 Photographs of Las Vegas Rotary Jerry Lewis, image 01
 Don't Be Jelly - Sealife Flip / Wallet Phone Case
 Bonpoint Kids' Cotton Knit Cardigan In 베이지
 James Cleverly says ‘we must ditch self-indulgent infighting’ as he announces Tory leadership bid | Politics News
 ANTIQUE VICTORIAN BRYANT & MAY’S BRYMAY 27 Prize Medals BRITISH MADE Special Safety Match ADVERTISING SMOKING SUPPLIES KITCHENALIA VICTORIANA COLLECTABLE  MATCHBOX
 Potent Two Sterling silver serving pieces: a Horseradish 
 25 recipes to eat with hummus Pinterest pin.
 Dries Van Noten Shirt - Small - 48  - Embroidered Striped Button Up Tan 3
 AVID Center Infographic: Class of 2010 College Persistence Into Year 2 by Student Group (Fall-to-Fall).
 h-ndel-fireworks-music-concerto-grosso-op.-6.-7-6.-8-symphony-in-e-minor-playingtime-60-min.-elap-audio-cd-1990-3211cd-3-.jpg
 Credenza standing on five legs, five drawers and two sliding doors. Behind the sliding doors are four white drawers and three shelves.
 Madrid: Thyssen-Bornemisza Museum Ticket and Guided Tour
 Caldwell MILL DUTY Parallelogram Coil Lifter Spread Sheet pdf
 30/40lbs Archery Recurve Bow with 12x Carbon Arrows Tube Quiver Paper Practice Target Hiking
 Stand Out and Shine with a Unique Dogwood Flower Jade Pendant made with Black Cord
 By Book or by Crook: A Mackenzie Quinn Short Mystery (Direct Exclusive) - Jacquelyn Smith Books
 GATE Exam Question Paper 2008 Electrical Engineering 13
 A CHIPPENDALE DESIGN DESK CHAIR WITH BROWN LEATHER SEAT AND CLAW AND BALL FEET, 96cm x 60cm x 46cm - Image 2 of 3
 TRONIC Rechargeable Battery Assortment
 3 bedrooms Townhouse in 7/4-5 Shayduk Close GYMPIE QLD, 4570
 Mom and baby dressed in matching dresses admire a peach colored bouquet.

Task objective:
Return the lines above, starting at the one that contains "30/40lbs Archery Recurve" and running through the last, exactly as they appear, with no extra lines.

Exercise response:
 30/40lbs Archery Recurve Bow with 12x Carbon Arrows Tube Quiver Paper Practice Target Hiking
 Stand Out and Shine with a Unique Dogwood Flower Jade Pendant made with Black Cord
 By Book or by Crook: A Mackenzie Quinn Short Mystery (Direct Exclusive) - Jacquelyn Smith Books
 GATE Exam Question Paper 2008 Electrical Engineering 13
 A CHIPPENDALE DESIGN DESK CHAIR WITH BROWN LEATHER SEAT AND CLAW AND BALL FEET, 96cm x 60cm x 46cm - Image 2 of 3
 TRONIC Rechargeable Battery Assortment
 3 bedrooms Townhouse in 7/4-5 Shayduk Close GYMPIE QLD, 4570
 Mom and baby dressed in matching dresses admire a peach colored bouquet.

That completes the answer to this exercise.